🤖 AI Summary
Cross-layer co-optimization of circuits, architectures, and systems remains challenging in analog in-memory computing (PIM) due to abstraction-level fragmentation. Method: This paper proposes the first end-to-end neural architecture search framework tailored for PIM (PIM-NAS), integrating single-path one-shot weight sharing with a multi-objective evolutionary algorithm. It introduces a PIM-aware latency/energy model and a cross-layer coupled search space to jointly optimize neural network topology and hardware mapping strategies.

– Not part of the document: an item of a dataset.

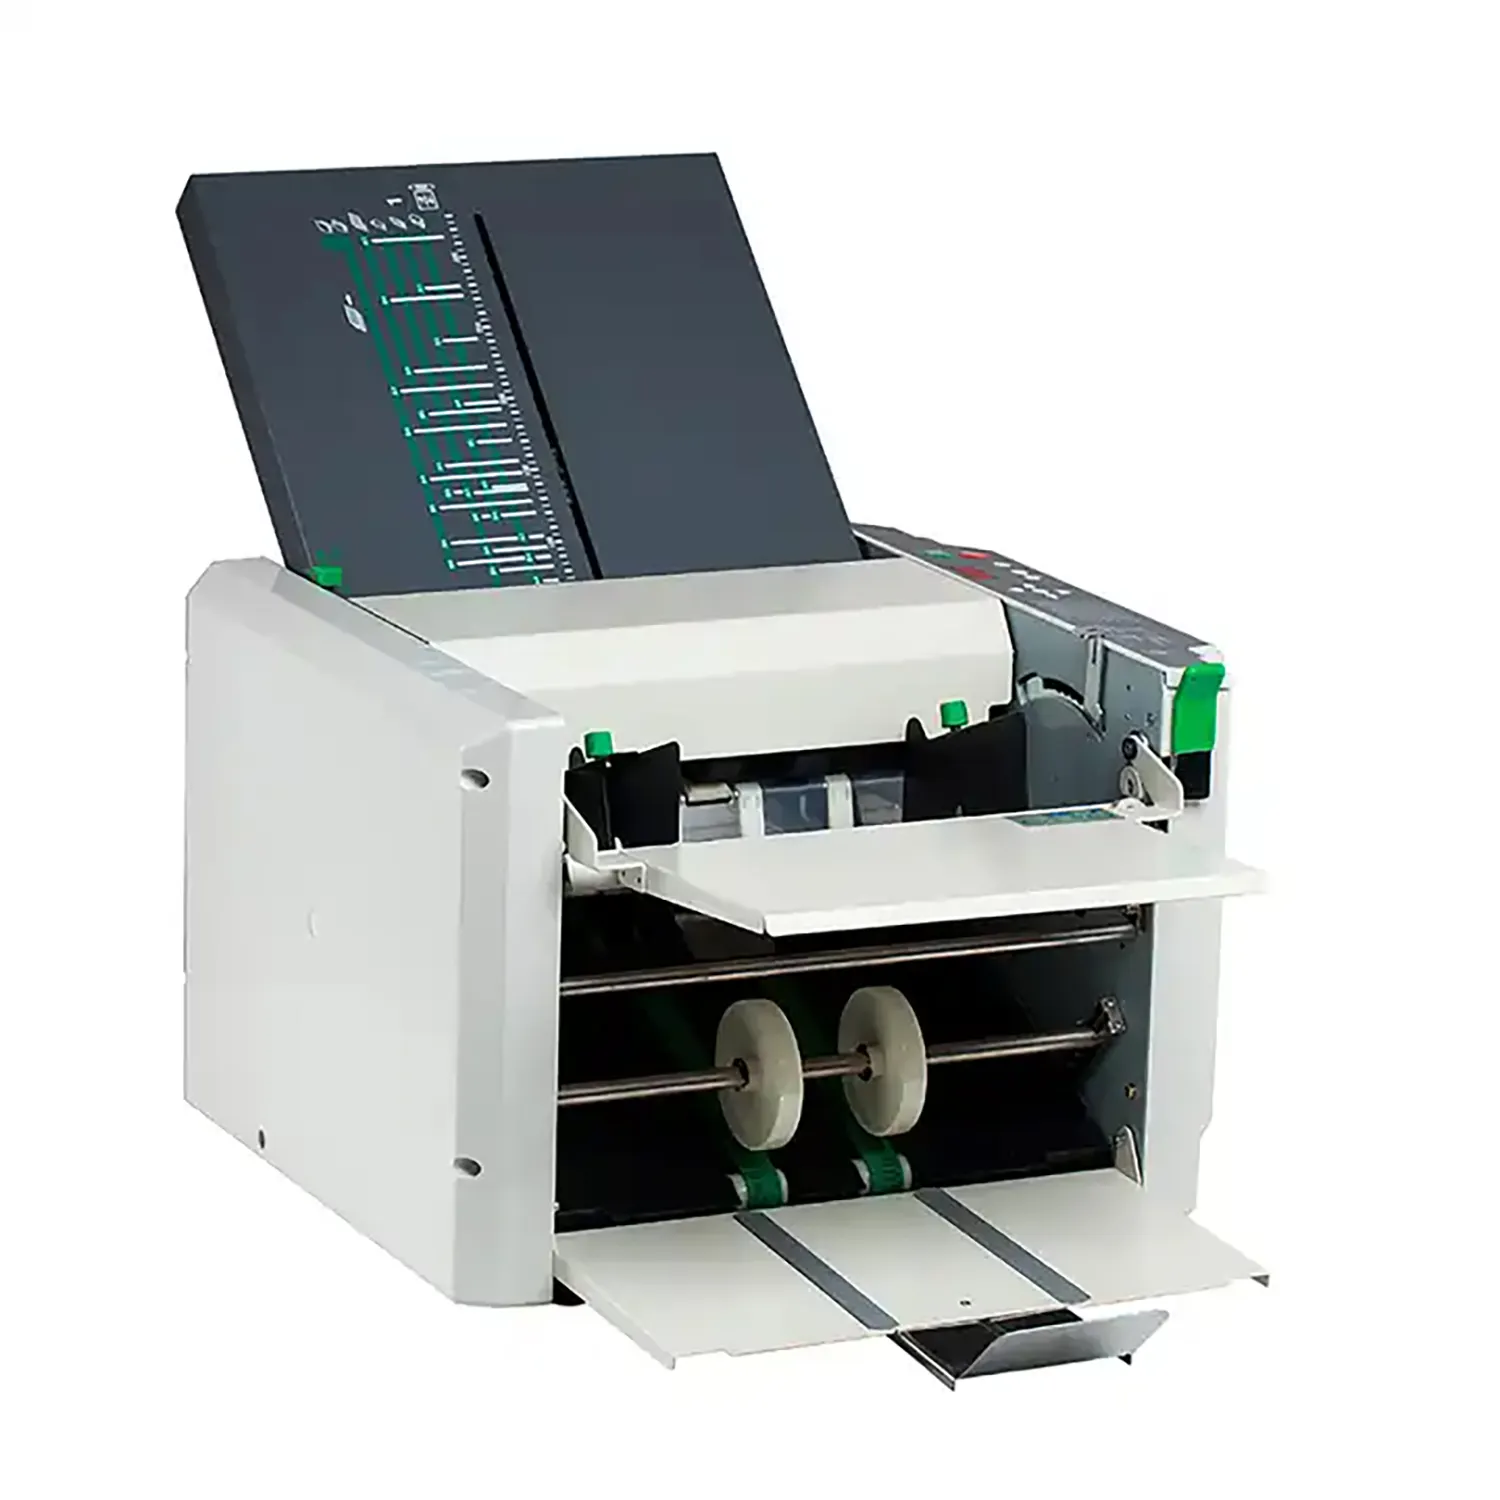 Z297 kağıt katlama makinesi ile manuel ayarlanabilir katlanır plaka kağıt klasör besleme rulo kopya yazma için çift kağıt bant
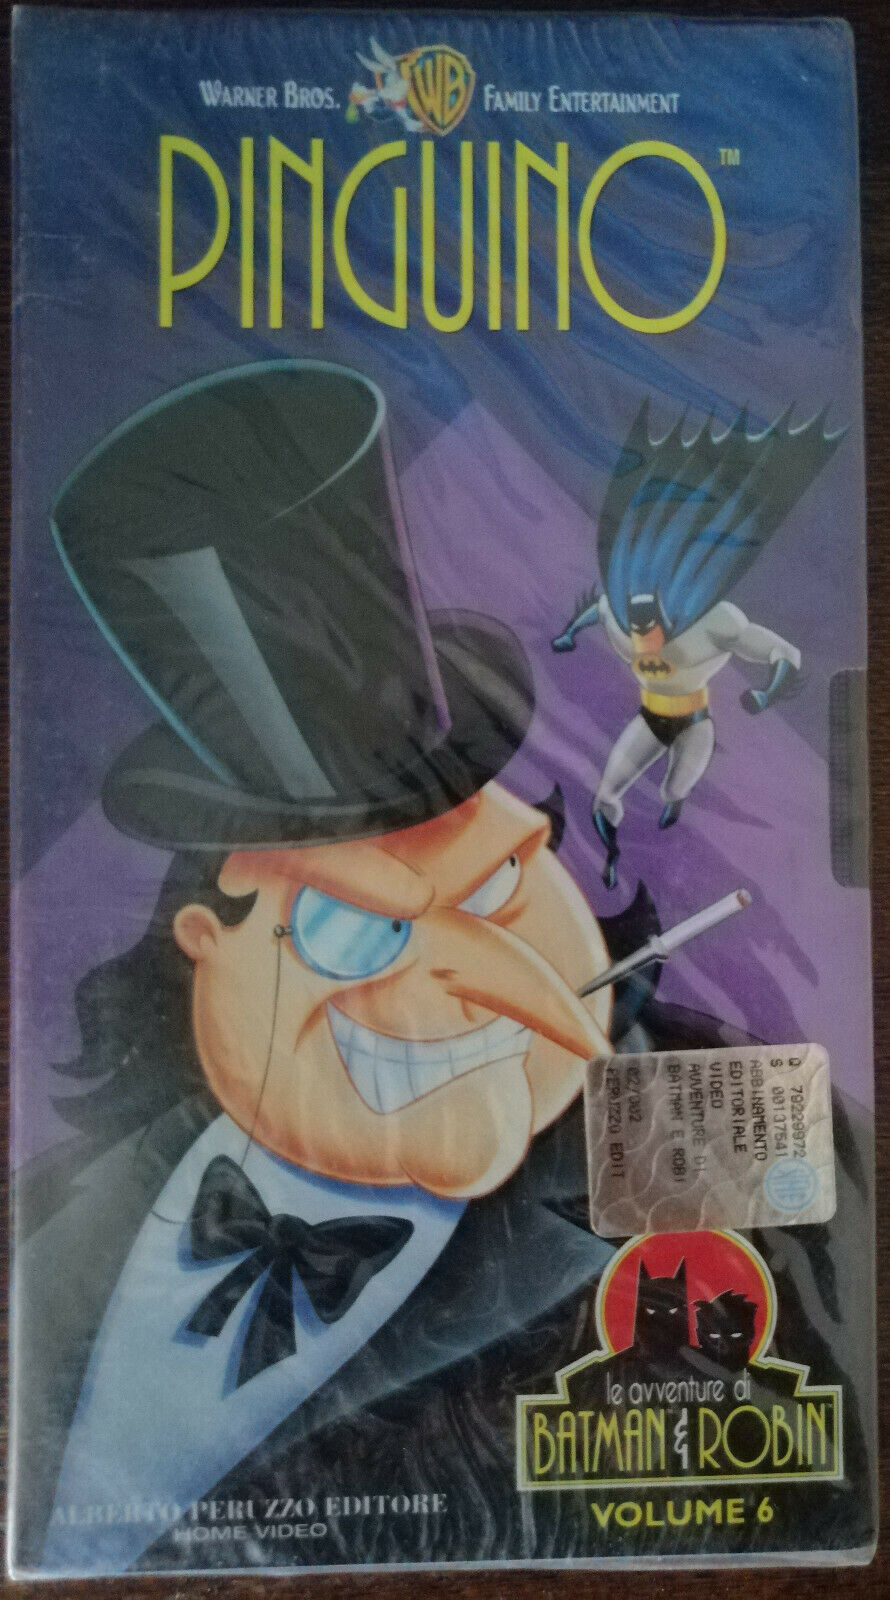 Le avventura di Batman e Robin, Pinguino, vol.6 - Alberto Peruzzo,1997 - VHS - A

Contribution/Results: Unlike conventional hierarchical optimization, PIM-NAS bridges abstraction gaps to enable holistic circuit–architecture–system exploration. Experiments demonstrate that the method achieves significantly higher accuracy and energy efficiency than existing PIM-adaptation approaches, while incurring comparable or lower search overhead—establishing a new benchmark for PIM-aware NAS.
📝 Abstract
In this paper, we propose the CrossNAS framework, an automated approach for exploring a vast, multidimensional search space that spans various design abstraction layers-circuits, architecture, and systems-to optimize the deployment of machine learning workloads on analog processing-in-memory (PIM) systems. CrossNAS leverages the single-path one-shot weight-sharing strategy combined with the evolutionary search for the first time in the context of PIM system mapping and optimization. CrossNAS sets a new benchmark for PIM neural architecture search (NAS), outperforming previous methods in both accuracy and energy efficiency while maintaining comparable or shorter search times.